Unlike other asset managers who broadly sold bonds during the COVID‑19 crisis, life insurers bought bonds. In addition, the period of rising interest rates in 2022 did not greatly affect life insurers’ usual investment pattern of stable bond purchases. While this behaviour could change under different market conditions, the findings nonetheless provide insights into the nature and severity of past periods of market turmoil that life insurers were able to withstand. This work deepens the Bank’s understanding of market stress and how various participants react during these periods. These insights combined with those the Bank has collected about other asset managers inform the design of the Bank’s policies and facilities.

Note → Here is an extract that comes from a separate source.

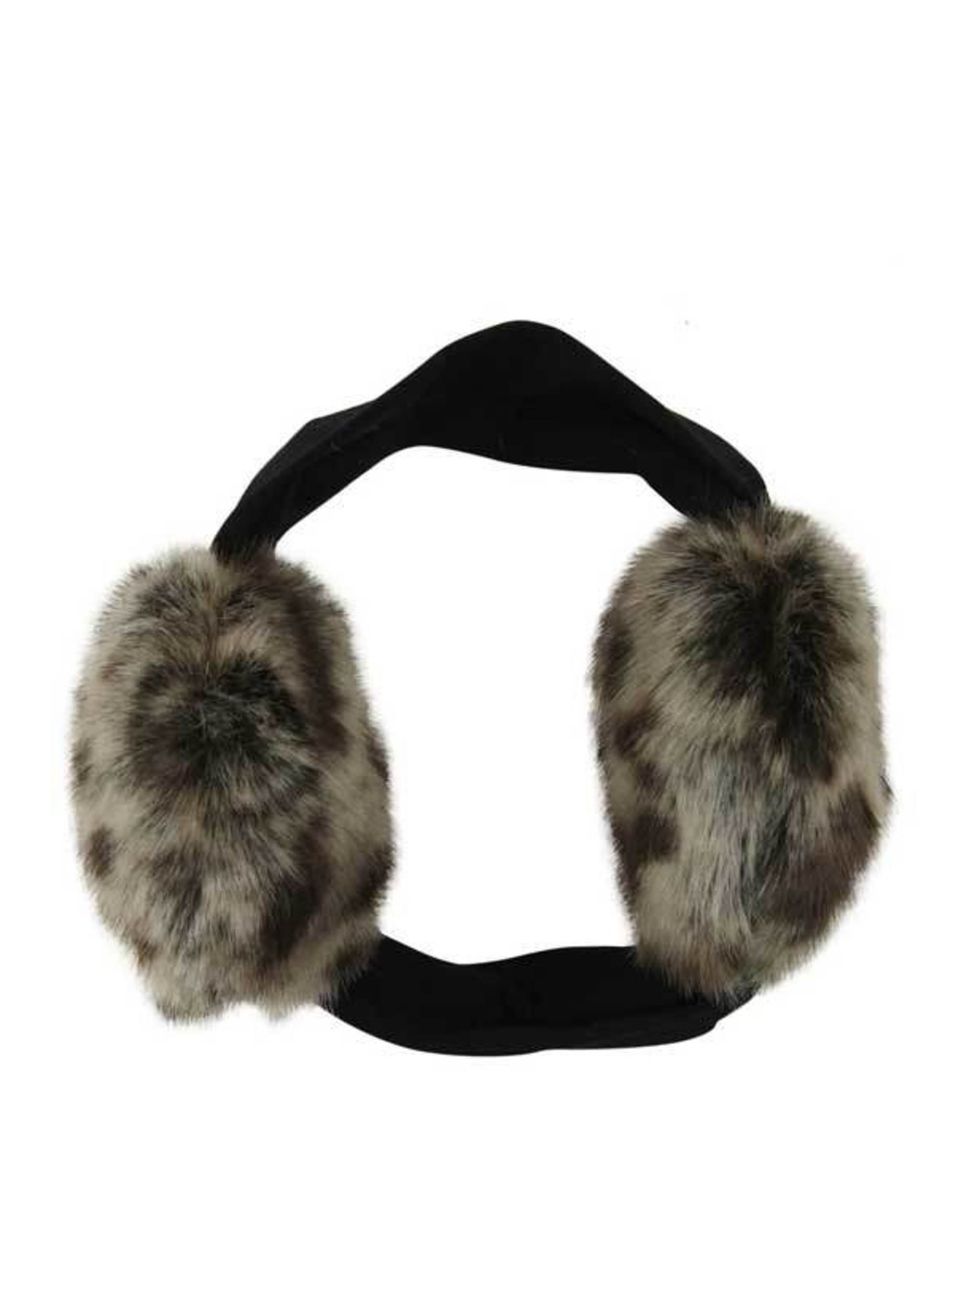 <p>Blanche in the Brambles animal print earmuffs, £40, at <a href="http://www.liberty.co.uk/fcp/product/Liberty/Blanche-in-the-Brambles/Animal-Print-Brown-Faux-Fur-Earmuffs,-Blanche-In-The-Brambles/57127">Liberty</a></p>

  1. 1. For a discussion of pension fund liquidity management see G. Bédard-Pagé, D. Bolduc-Zuluaga, A. Demers, J.-P. Dion, M. Pandey, L. Berger-Soucy and A. Walton , “COVID‑19 crisis: Liquidity management at Canada’s largest public pension funds,” Bank of Canada Staff Analytical Note No. 2021-11 (May 2021).[]
  2. 2. For an in-depth description of the COVID‑19 crisis in Canada, see J.-S. Fontaine, C. Garriott, J. Johal, J. Lee and A. Uthemann, “COVID‑19 Crisis: Lessons Learned for Future Policy Research,” Bank of Canada Staff Discussion Paper No. 2021-2 (February 2021).[]
  3. 3. For a summary of the Bank of Canada’s liquidity facilities during the COVID crisis, see G. Johnson, “A Review of the Bank of Canada’s Market Operations related to COVID‑19,” Bank of Canada Staff Discussion Paper No. 2023-6 (March 2023).[]
  4. 4. Recent work by the Bank of Canada on asset managers includes J. Sandhu and R. Vala, “Do hedge funds support liquidity in the Government of Canada bond market?” Bank of Canada Staff Analytical Note No. 2023-11 (August 2023), and G. Ouellet Leblanc and R. Shotlander, “What COVID‑19 revealed about the resilience of bond funds,” Bank of Canada Staff Analytical Note No. 2020-18 (August 2020).[]
  5. 5. We are grateful for the generous cooperation of Manulife, Sun Life, Canada Life and Industrial Alliance in this work.[]
  6. 6. This excludes assets managed on behalf of their clients, such as mutual funds.[]
  7. 7. To learn more about how mutual funds manage liquidity, see G. Ouellet Leblanc and R. Arora, “How do Canadian Corporate Bond Mutual Funds Meet Investor Redemptions?” Bank of Canada Staff Analytical Note No. 2018-14 (May 2018).[]
  8. 8. While we focus on economic considerations in this description, accounting and regulation can also influence life insurers’ investment strategies.[]
  9. 9. OSFI and the AMF impose harmonized capital requirements to ensure solvency for life insurance companies. Insurers regulated by OSFI must satisfy the Life Insurance Capital Adequacy Test. Insurers regulated by AMF must satisfy capital adequacy requirements for life and health insurance.[]
  10. 10. For more details, see Bank of Canada, "Fixed-income market liquidity," Financial System Review—2022 (June 9, 2022).[]
  11. 11. For more on market illiquidity, see J.-S. Fontaine, H. Ford and A. Walton, "COVID‑19 and bond market liquidity: alert, isolation and recovery," Staff Analytical Note No. 2020-14 (July 2020).[]

Disclaimer

Bank of Canada staff analytical notes are short articles that focus on topical issues relevant to the current economic and financial context, produced independently from the Bank’s Governing Council. This work may support or challenge prevailing policy orthodoxy. Therefore, the views expressed in this note are solely those of the authors and may differ from official Bank of Canada views. No responsibility for them should be attributed to the Bank.